Lloyd – the protagonist of the film – exemplifies the ‘bored’ generation. He doesn’t have any ambitions or certain goals in his life. Living in a peculiarly quiet and peaceful town, he spends every day working at a small shop, which specializes in repairing electronic devices. However, under cover of darkness he shows his true nature – ‘almost’ like James Stewart in Rear Window Lloyd grabs his precious binoculars and snoops on [mostly naked] women living across the street. Unfortunately, his perverted presence is detected. After a few strong insults and comparatively heavy punches Lloyd is forced to move out. For an overt deviant without any previous living references finding a new home isn’t that easy. And still, when Lloyd finally moves into a narrow yet cozy apartment, his neighbor gives him an offer he [rather] can’t refuse – $100,000 for spying on a disloyal wife. This awkward yet seemingly innocent proposition is the cause for Lloyd’s gradual plunge into the depths of sick and twisted madness. His growing affection for the woman turns out to be a quick way towards total chaos. One problem creates another one, and soon Lloyd finds himself on a path with no return.

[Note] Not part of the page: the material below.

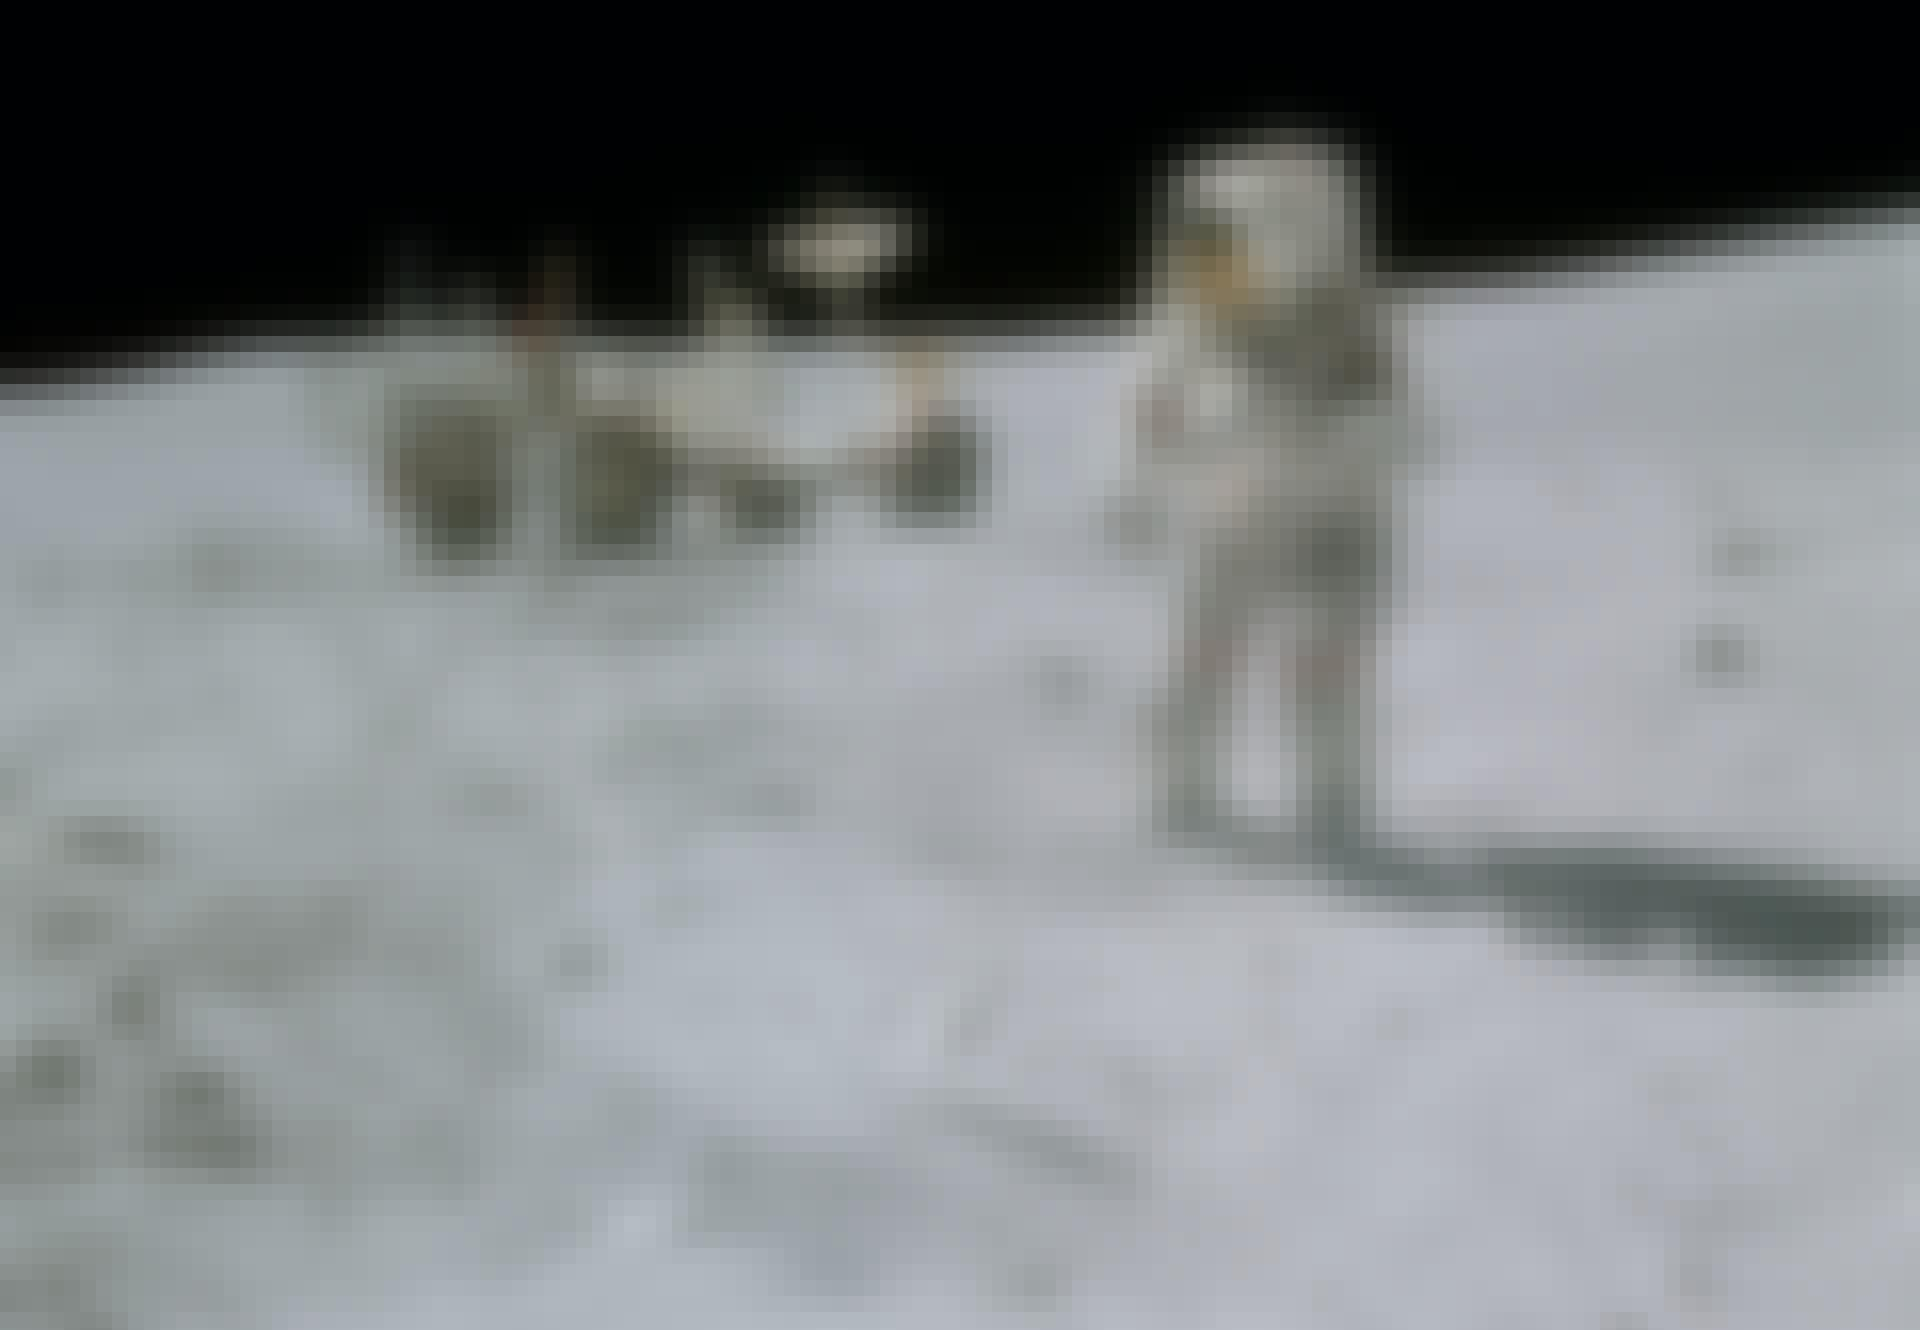 Maan, John Young, Apollo 16

Blending what’s best in Tarantino and Rodriguez’s dark humor, Pervertigo gives a credible amount of unforeseen and entertaining twists. The film only confirms that first impressions can be greatly misleading. Many people, perfectly normal on the outside, are capable of doing very sick and awful things. After a while it becomes clear that Lloyd – even given his affection towards peeping at other people’s intimate moments – is actually the most ordinary and the most innocent guy in the crowd of many twisted and insane characters that the viewers see onscreen. Here we have a lonely nerd who loves cosplaying and irritating others around him; a killer, whose only weakness is doo-woop music; a long-legged, beautiful blonde who loves to play perverted games; a repair-shop boss who is only interested in abusing others and picking up women; and finally, a mysterious and strange neighbor who loves eating snow cones every day.

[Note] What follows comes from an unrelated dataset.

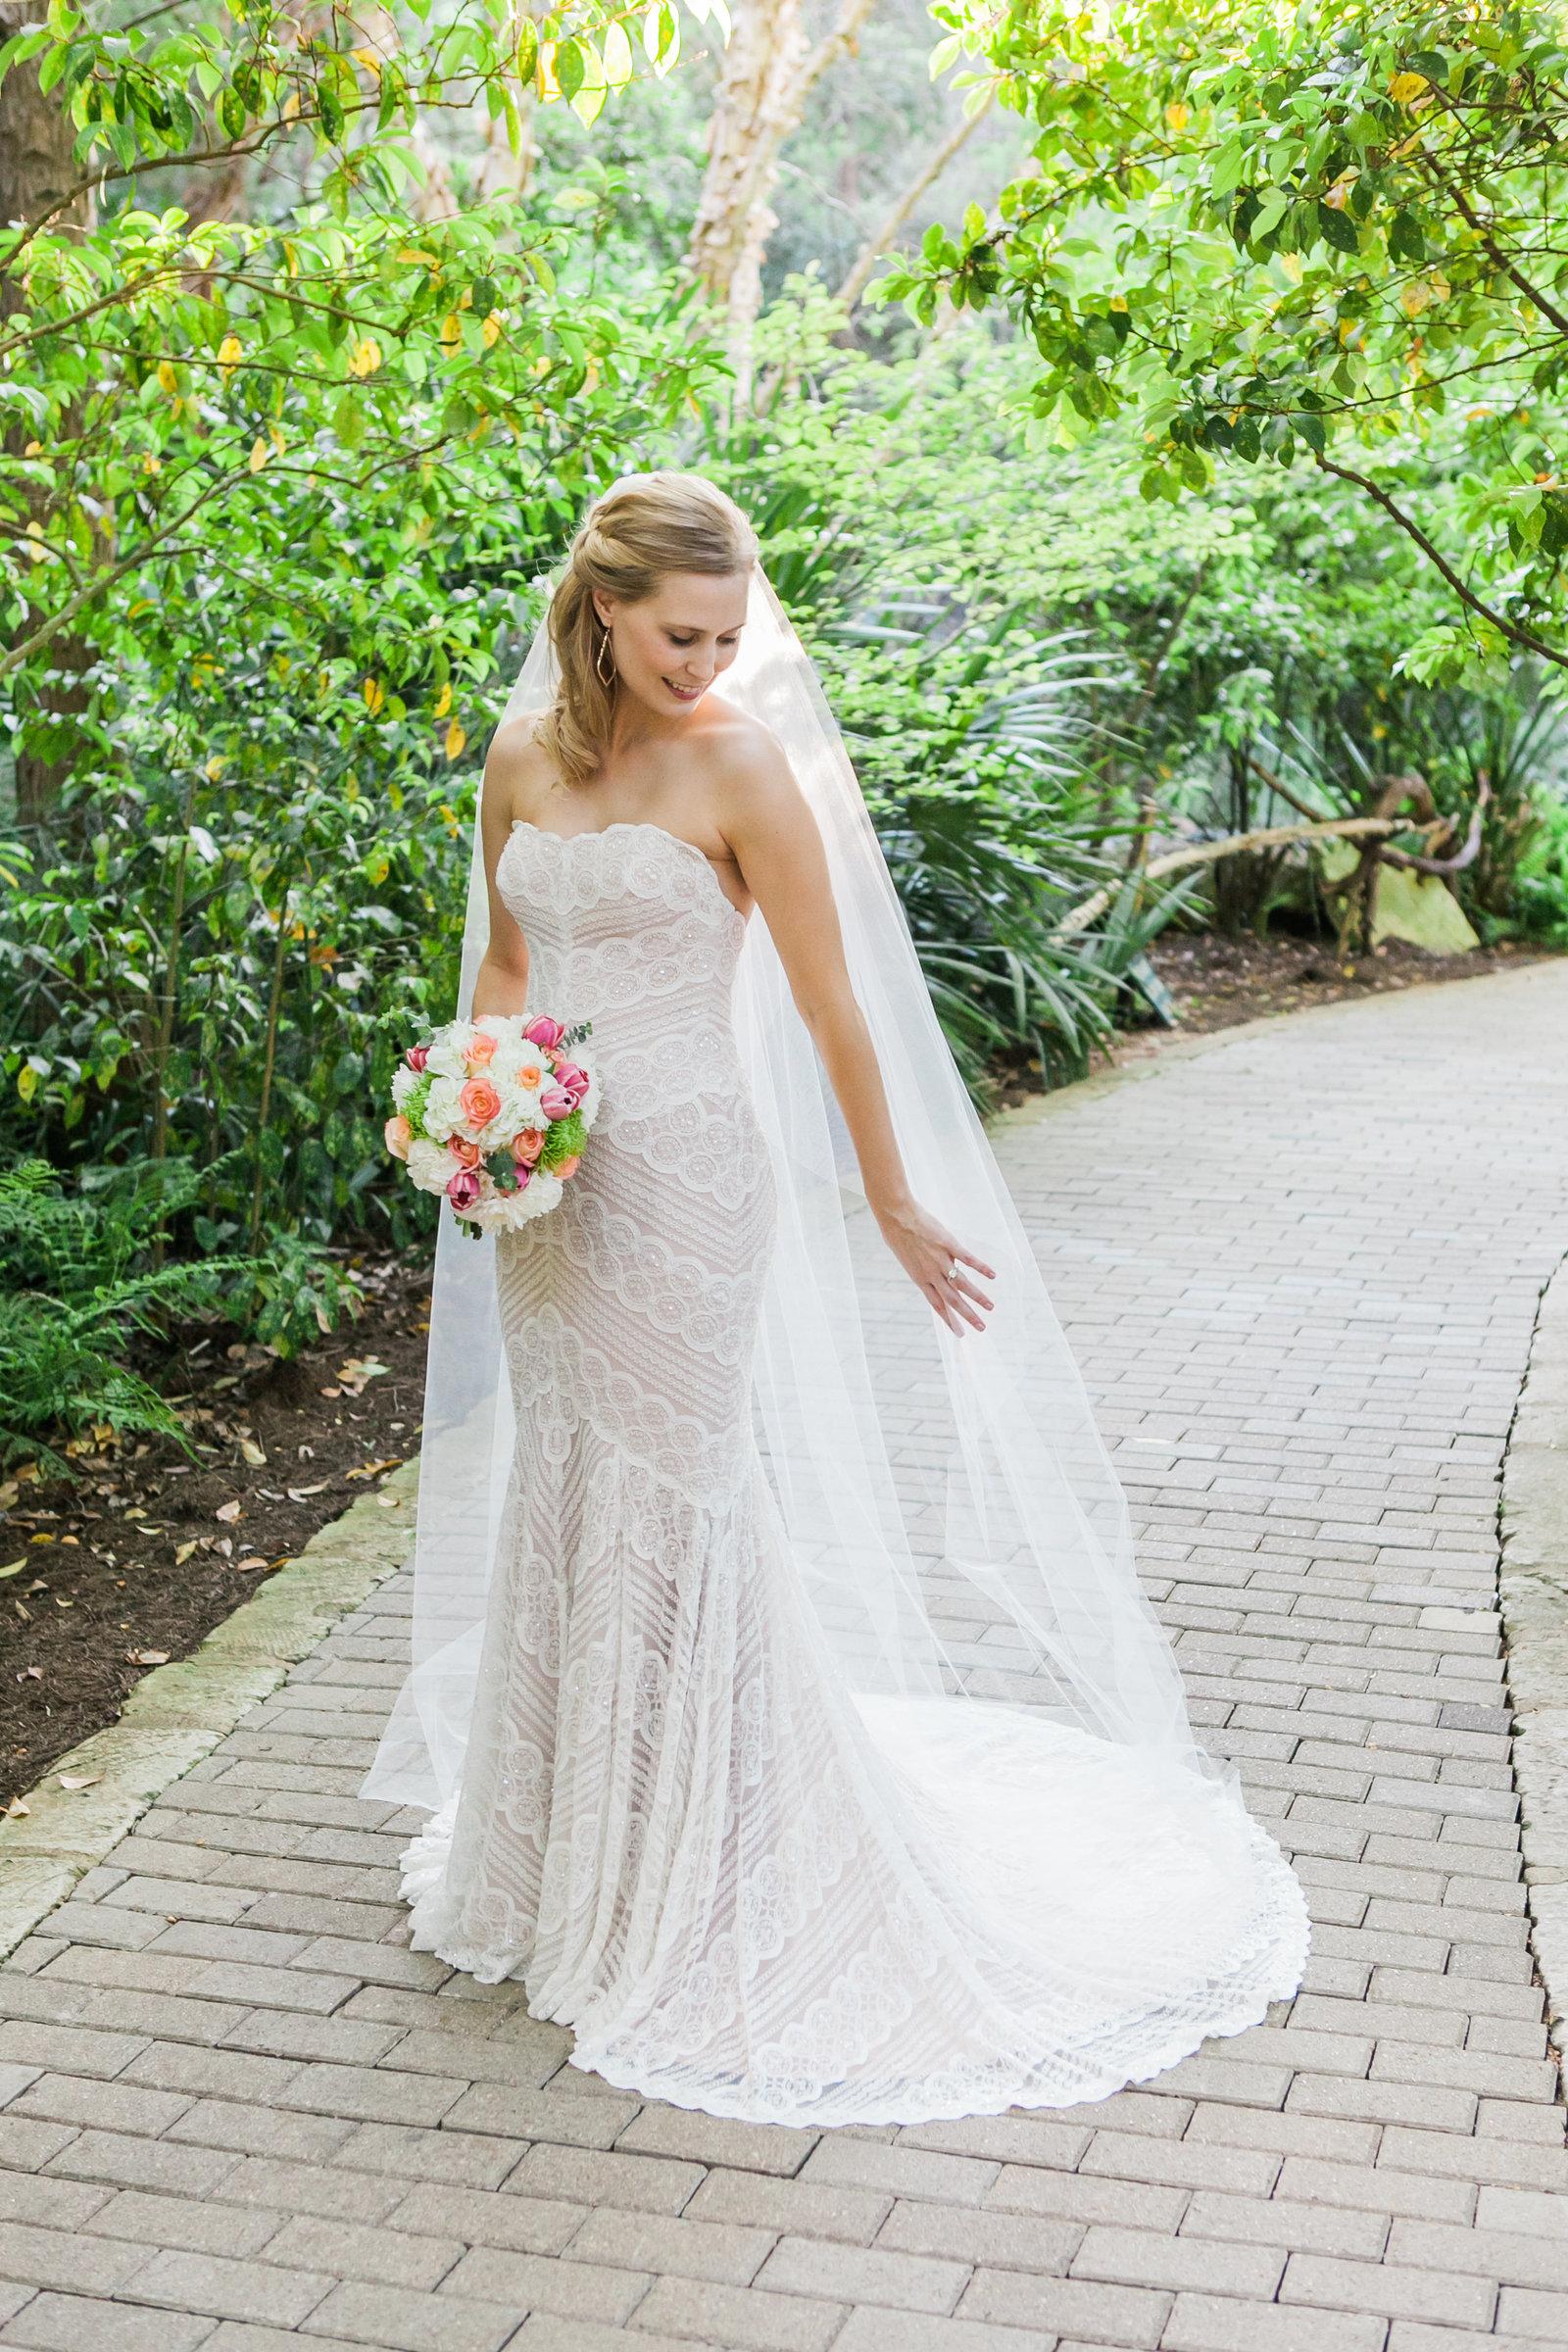 Austin Family Photographer, Tiffany Chapman, bride looking at veil

Pervertigo not only makes one laugh, but also makes one think. Think about the omnipresence of perversity in the contemporary world, and the way this picture corresponds to people’s most hidden and demoralizing needs. What’s more, this satisfying crime-comedy plays a game with the idea of cinema in general – after all, it’s safe to say that watching films is a lot like watching others without the risk of being caught.